I'm a Star???? (Or my colon is)

[Bobbie]

http://issuu.com/enhancemagazine/docs/e ... ayout=grey

Months ago, a free-lance writer in KC contacted the site, and Lauren referred her to me. She interviewed me by phone several times & Emailed me several times. She promised she would send me a copy of the article. She didn't. Today, I had an ENT appointment & the doc.'s nurse mentioned the article. I called the writer. She gave me the name of the magazine & promised she would send me a hard copy of the article.

Click on the Feb./March issue. It's view 32-35 & shows a pix. of a water faucet. It's difficult to read, but read the last paragraph. It "sums" it all up.

[trob25]

Way to go getting a big write up like that! I read the whole thing, it's well done and nice to see she interviewed you. I'm so glad the reporter placed your quote about the mental strain it causes and how only those who have had it can really understand it.

Nice press Bobbie and we certainly need it!

I worked as a reporter myself for two years, back then I only had the Lyme to deal with when I was there and did several stories about it as a result. If I had then had C-Diff, you bet I would have covered it in some fashion. But alas, I had already changed jobs when I was struck with the diff.

[Bobbie]

Thx., Trob.
The reporter misquoted some info. but, in general, she did a good job.

It's so nice to be famous -- even if for only a day -- altho. evidently that day was back in Feb./March. I'm not going to send the hyperlink to friends, however, or include it in my Xmas cards!

Basically, no one still cares about C. diff. although the reporter said she'd had some follow-up interest -- but none that was lasting.

We still won't get any real attention until someone famous "gets it."

Since you are a writer, why don't you write some articles about "our disease?" God knows we need all the PR we can get.

[sks001]

At'a girl Bobbie !!! You did all the sufferers proud. Your comments were very dignified and left out the yuck factor. I totally agree with Trob about your quote about the mental strain it causes and how only those who have had it can really understand it. That is soooo very true.
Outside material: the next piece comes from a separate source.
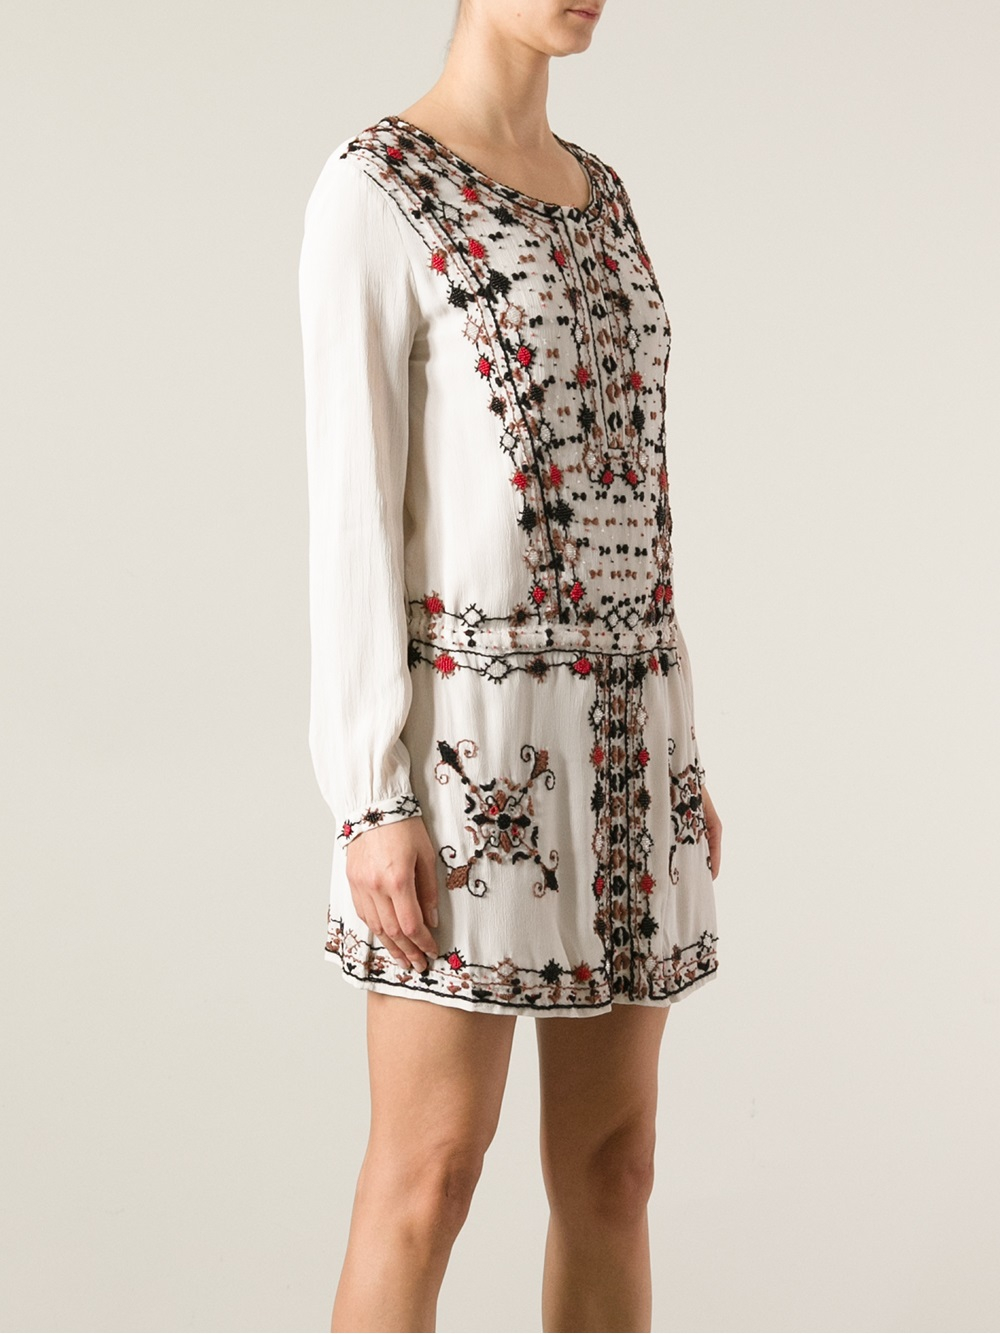 Dress Batik - Unicef UK Market | Batik Strapless Maxi Dress from

You're right, it was really hard to read using a Flash Player, compared to regular print (tried the pull down menu for print view, but didn't work). By the way, it starts on page 32 and goes through page 35. Can just type 32 and hit enter at top of page to get to article. At least you can print the article out in case she doesn't send you a hard copy. Are you going to frame it? So funny and ironic that you heard about it from ENT nurse - now that's being at the right place at the right time.

Bad news is that we now know your last name and age - lol - just kidding. Awhile back I made a post about it was good that we didn't use last names on site in case anyone Googled our name.
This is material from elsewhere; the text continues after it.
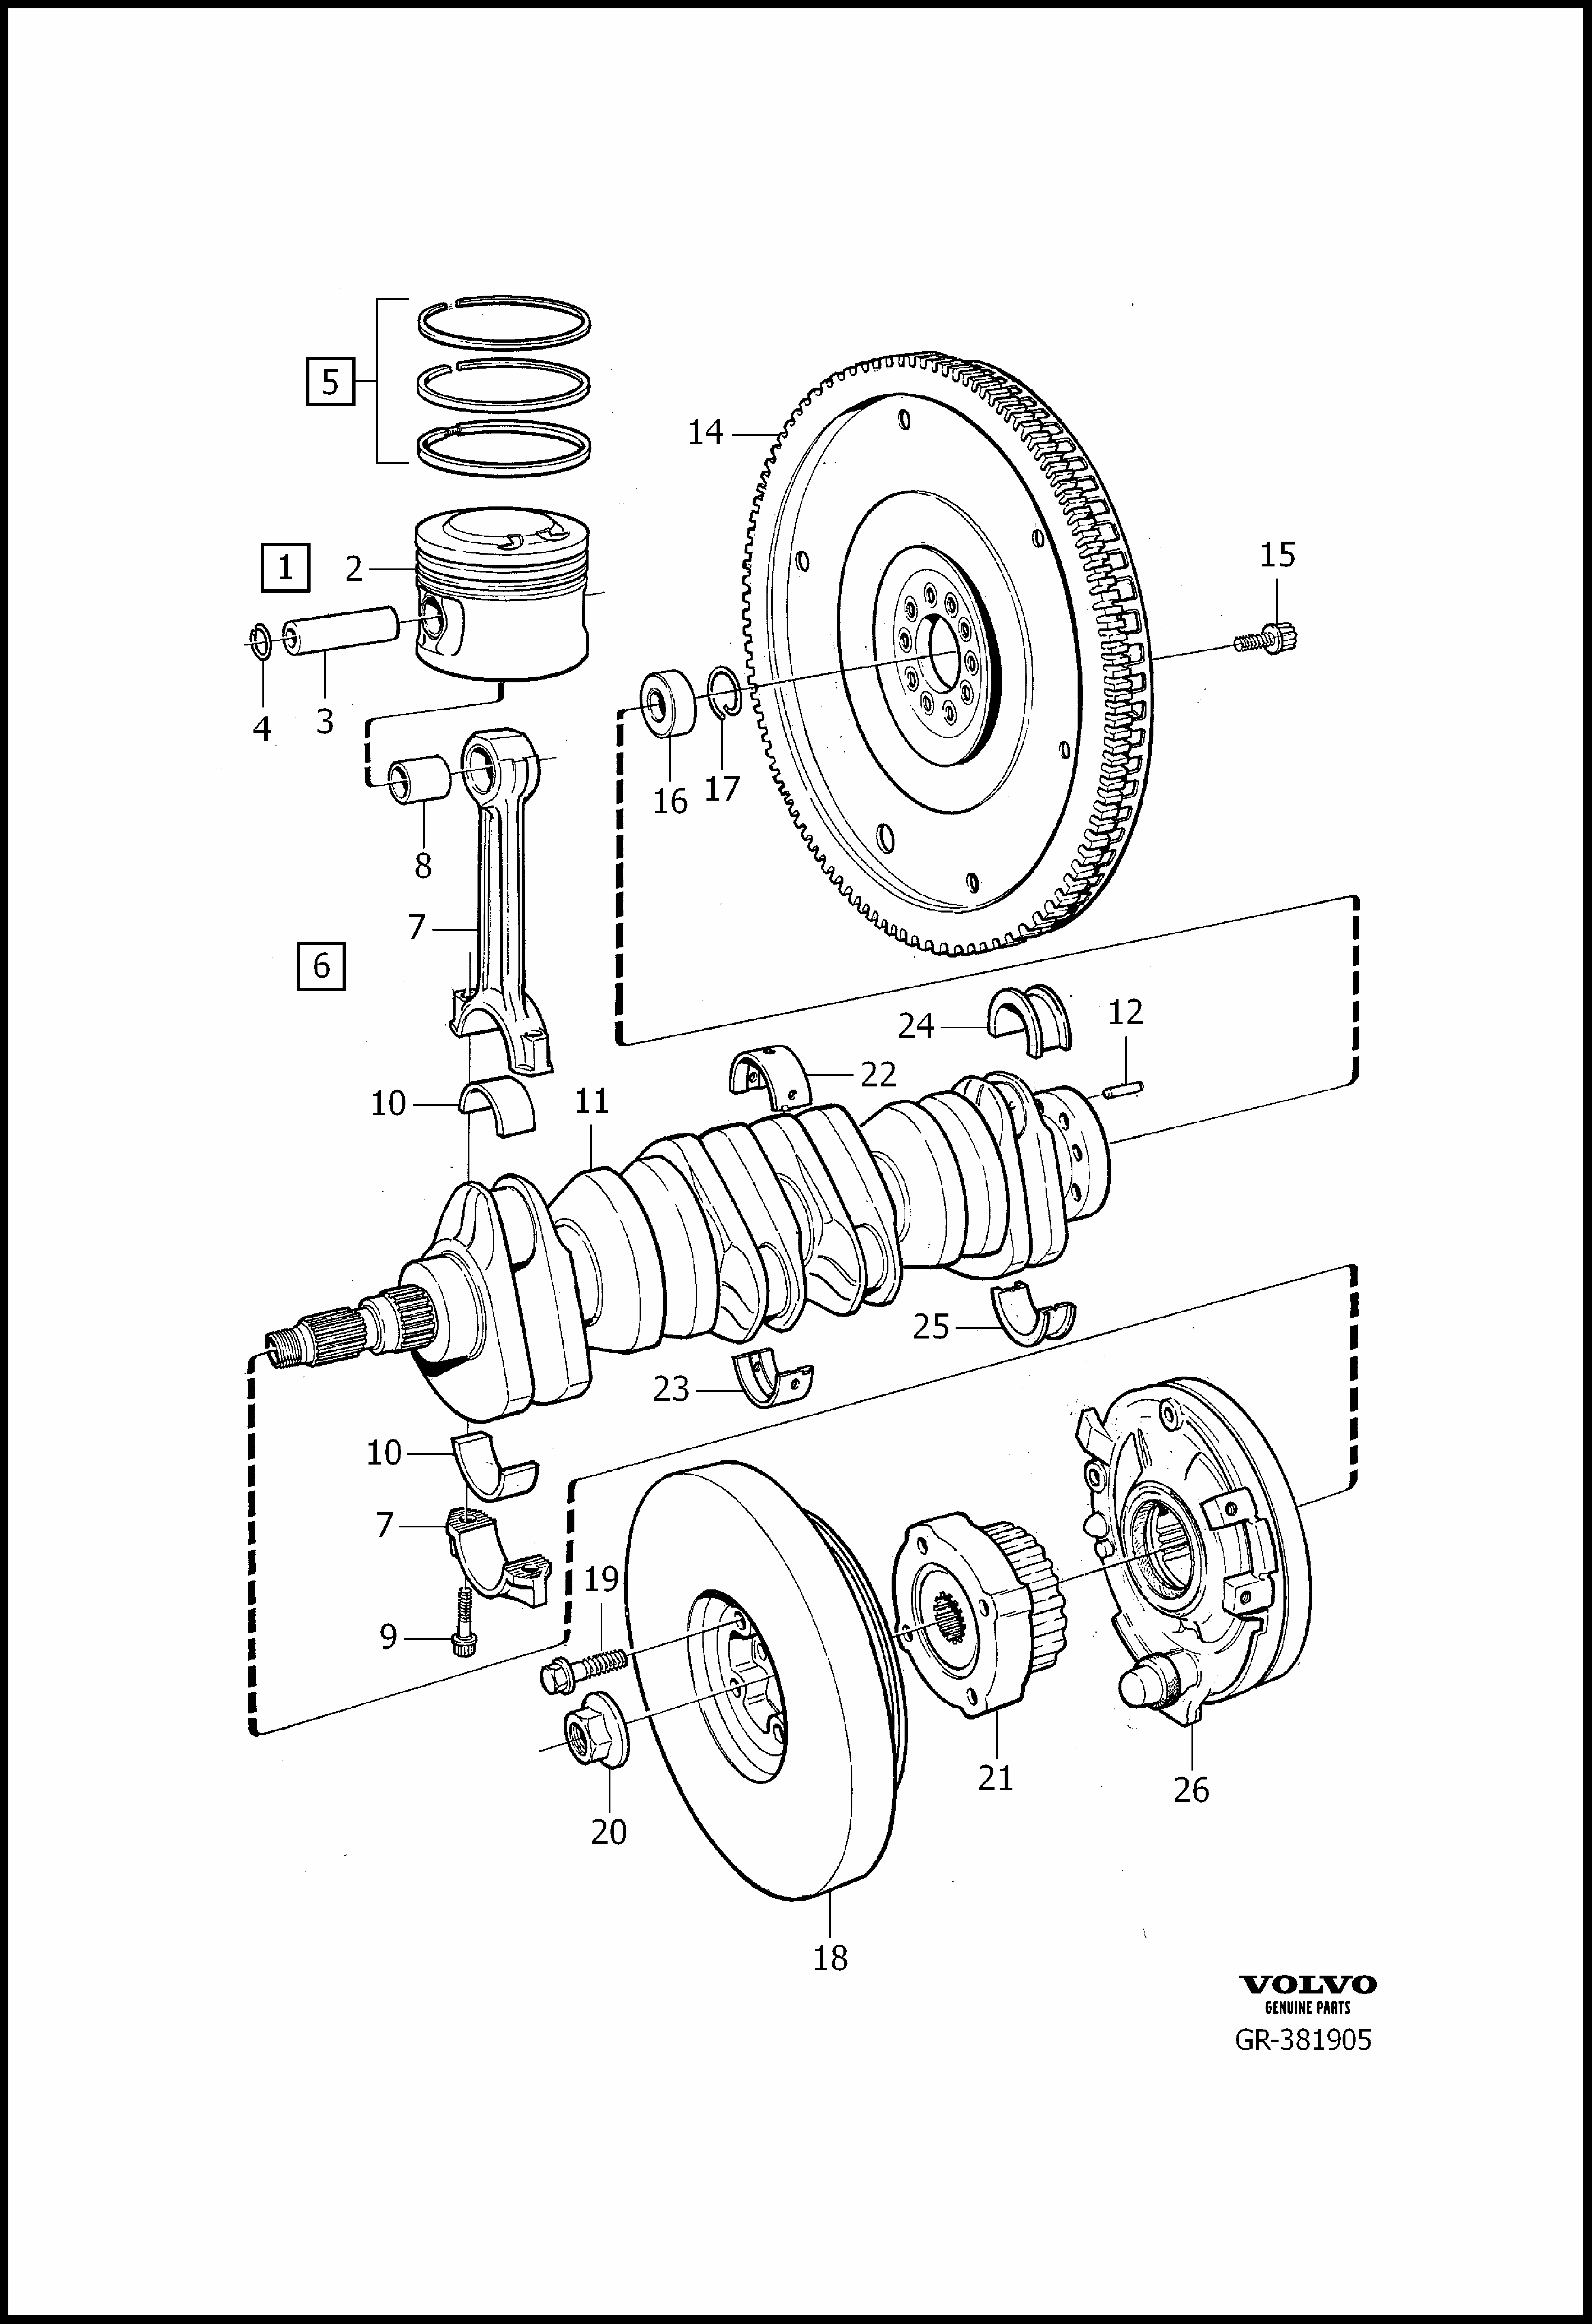 crank mechanism til Volvo 960 960

Congratulations on a job extremely well done.

[Hua Kul]

I agree that even reporters who write about cdiff often don't seem to have much sympathy for or understanding of the cruel effects of this disease, despite interviewing people who are suffering terribly. A while back there was a series of articles in the Hamilton (Ontario) Spectator about the serious outbreaks in that province. I wrote to the lead writer about the experiences of my wife, thinking that she might want to investigate what we had done to stop the cdiff in my wife. I included the link to our story on this forum. Her initial reply was quite derisive and indicated that she still had no concept of our suffering, despite writing about one man with toxic megacolon that wanted to die rather than continue to suffer in that way. I am reprinting some of our correspondence below just to give some idea of the general lack of understanding.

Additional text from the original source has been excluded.